In this last sermon we see his use of exhortation. An exhortation is a form of communication that has a sense of urgency for someone to do something.
God’s providence, His remarkable, unstoppable, unimaginable providence, should move us to action. In the remainder of his discourse, Charnock offers ten uses, which I have altered slightly to provide us with 10 Commandments for Divine providence. These commandments will offer us a Ten-fold way of handling the doctrine of divine providence for the rest of our lives. The preamble to the Ten Commandments found in Exodus 20 also works in our present discussion. We hear these words from God who wields divine providence, “I am the LORD your God, who brought you out of the land of sin and Satan, out of the house of horrific bondage.” Therefore,
I. YOU SHALL NOT FEAR THE ENEMIES OF THE CHURCH
I. YOU SHALL NOT FEAR THE ENEMIES OF THE CHURCH
Charnock declares, “It is a wrong to God.” When we fear the enemies of the church we demonstrate little to no belief in the almighty God. “It is to value the power of grass above the power of the Creator, as though that had more ability to hurt than God to help.” Isaiah 51:12-13
“I, I am he who comforts you; who are you that you are afraid of man who dies, of the son of man who is made like grass,
and have forgotten the Lord, your Maker, who stretched out the heavens and laid the foundations of the earth, and you fear continually all the day because of the wrath of the oppressor, when he sets himself to destroy? And where is the wrath of the oppressor?

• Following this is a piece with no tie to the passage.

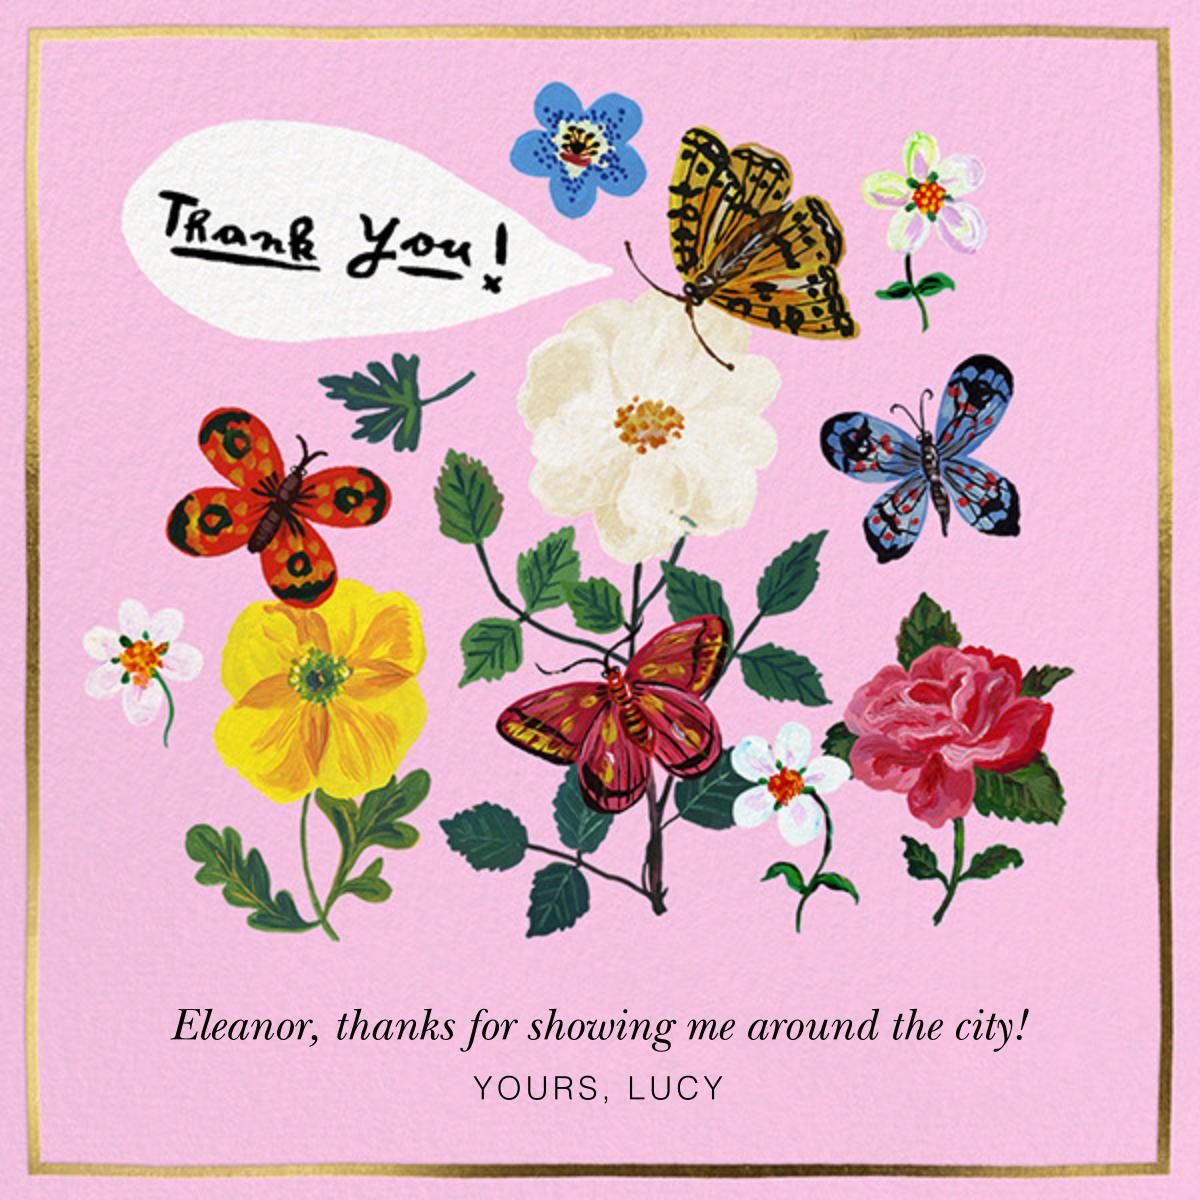 Papillons Dansants - Carnation - Nathalie Lété - Thank you

You shall not fear the enemies of the Church because God reigns. “We vilefy God, and defile his glory, when our fear of man’s power stifles our faith in God,” writes Charnock.
In connection with this commandment, Charnock asks four questions that we would do well to consider in light of what we have heard.
A. Will you fear man, who have a God to secure you?
A. Will you fear man, who have a God to secure you?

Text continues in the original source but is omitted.